News

Christopher Suprun Can't Fix Our Democracy

by Jon Hecht

Quick, name an elector in your state. There are at least three, even if you live in one of America's seven smallest states (or Washington D.C.), and as many as 55 if you live in California. If you can name one elector, chances are it's Christopher Suprun, a Texas Republican elector. In an op-ed in The New York Times Suprun announced he would not vote for Donald Trump, despite Trump having won Texas by 9 points. He wrote in the op-ed that, in accordance with a plan by activists, he will vote for Ohio Republican Governor John Kasich.

Some people who voted against Trump have praised Suprun's decision (while, of course, many Trump supporters have denounced it). For those who are shocked and afraid by Trump becoming president, electors following Suprun's lead seems like hope in the face of a potentially terrible presidency.

But while many of the things Suprun brings up against Trump — his lack of foreign policy experience, his demagoguery and denunciation of protest against him, and the high potential for corruption in Trump's administration considering the many reported concerns about potential business conflicts of interest — could certainly be worthy reasons to prevent Trump from becoming president, it's worth thinking about what it would mean for the Electoral College to choose the new president by rejecting what the voters of their specific states decided.

When people voted on Nov. 8, the ballots included the names of presidential candidates, even if they were technically voting for electors. Americans did not research the identities of electors in their states, trusting them to faithfully execute what their state decided when the electorate voted.

Alex Wong/Getty Images News/Getty Images

Suprun seems like a model American citizen — a first responder at 9/11, who now works as a paramedic in Dallas. But there's nothing to ensure that the 538 members of the Electoral College are exclusively the best of us, the ones in whom we must trust to decide our government. They are people whose power, in our modern elections, derives not from the people but from antiquated election rules that have remained in place even as political norms have changed. We know not whether these people are making their decisions for high-minded reasons, or for personal grudges, or if they've given any thought to it at all.

If the conscientious electors movement had their way and Kasich became president instead of Trump, it would mean that the president is someone who is not elected by the voters. Even if Kasich were a far better president than Trump, he'd be a change from what we've all assumed about the role of the president — that the president represents the will of the people.

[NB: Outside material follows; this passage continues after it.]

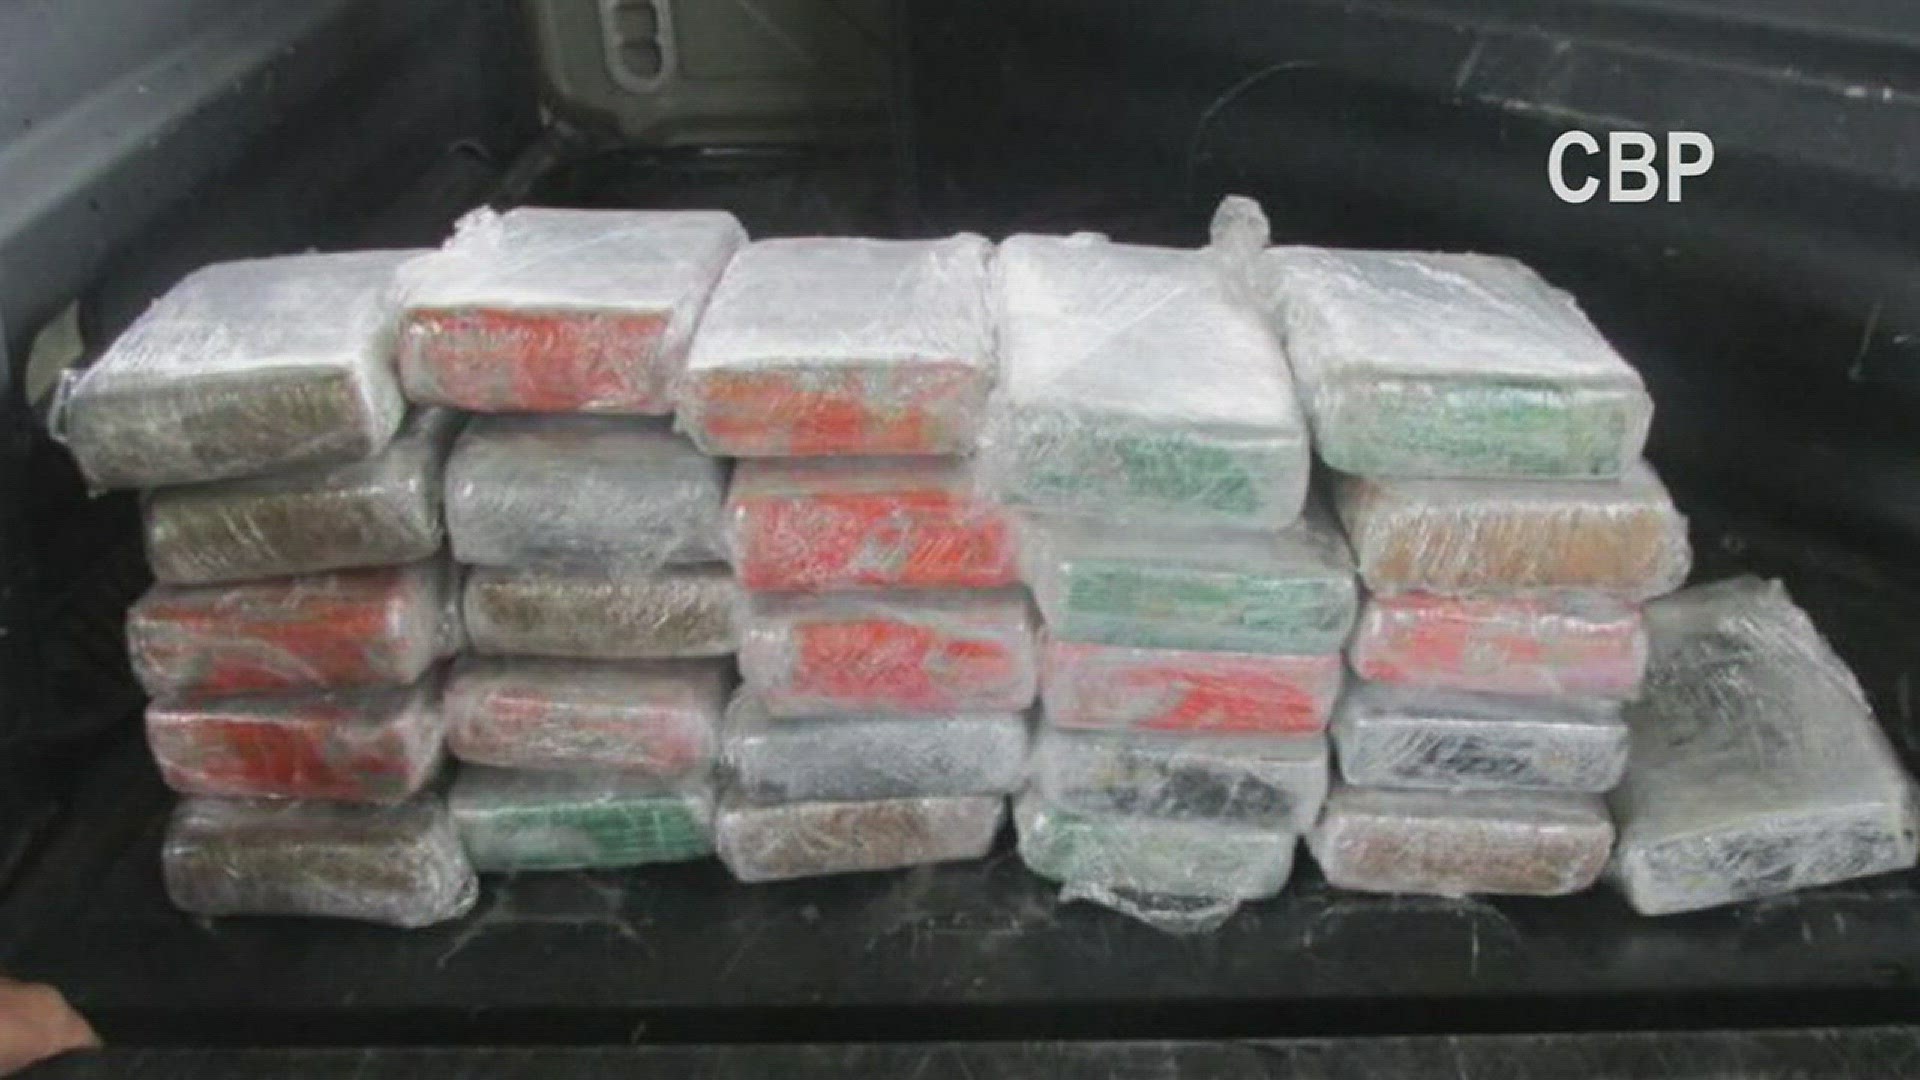 Border Patrol agents recovered cocaine in Falfurrias.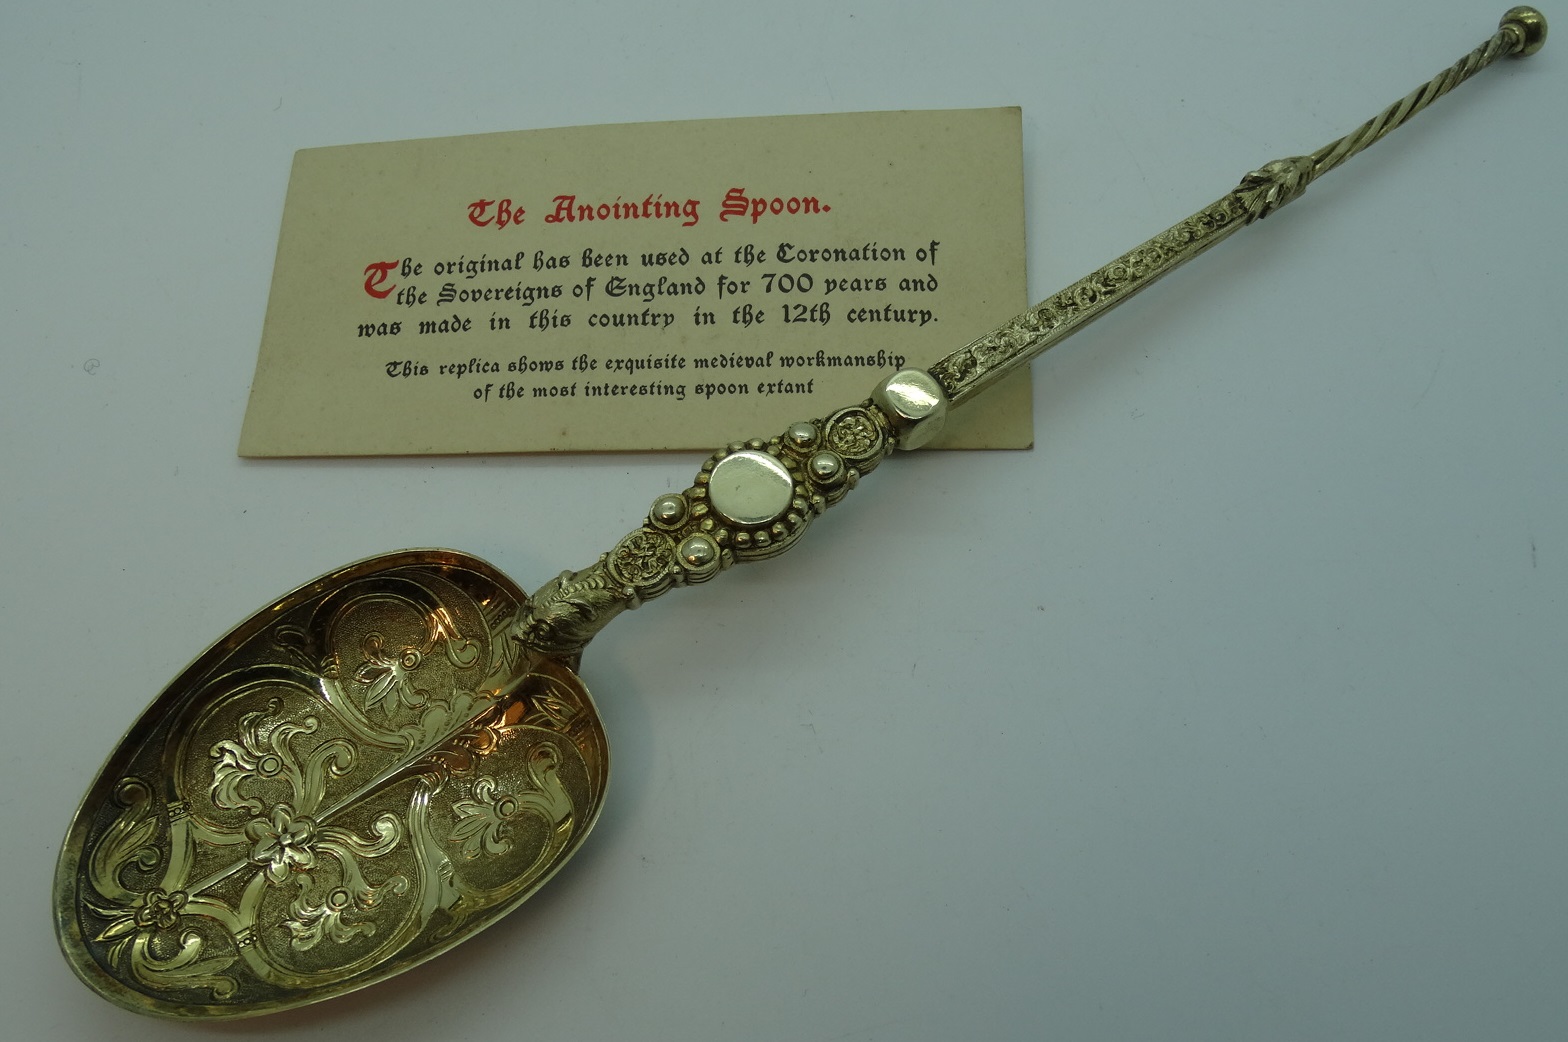 SILVER GILT REPLICA ANNOINTING SPOON

Suprun's op-ed is a powerful statement. And the possibility of more electors voting against Trump than ever before would be a powerful protest and sign that Trump does not represent a normal continuation of American politics. But I still want to believe in American democracy, that the president should be chosen by the people, even if the people make bad choices. While I feel the Electoral College uses a pretty roundabout way of letting the people choose presidents (Hillary Clinton's 2.5 million popular vote lead certainly suggests so), encouraging electors to go rogue is not a long-term or appropriate fix for our democracy.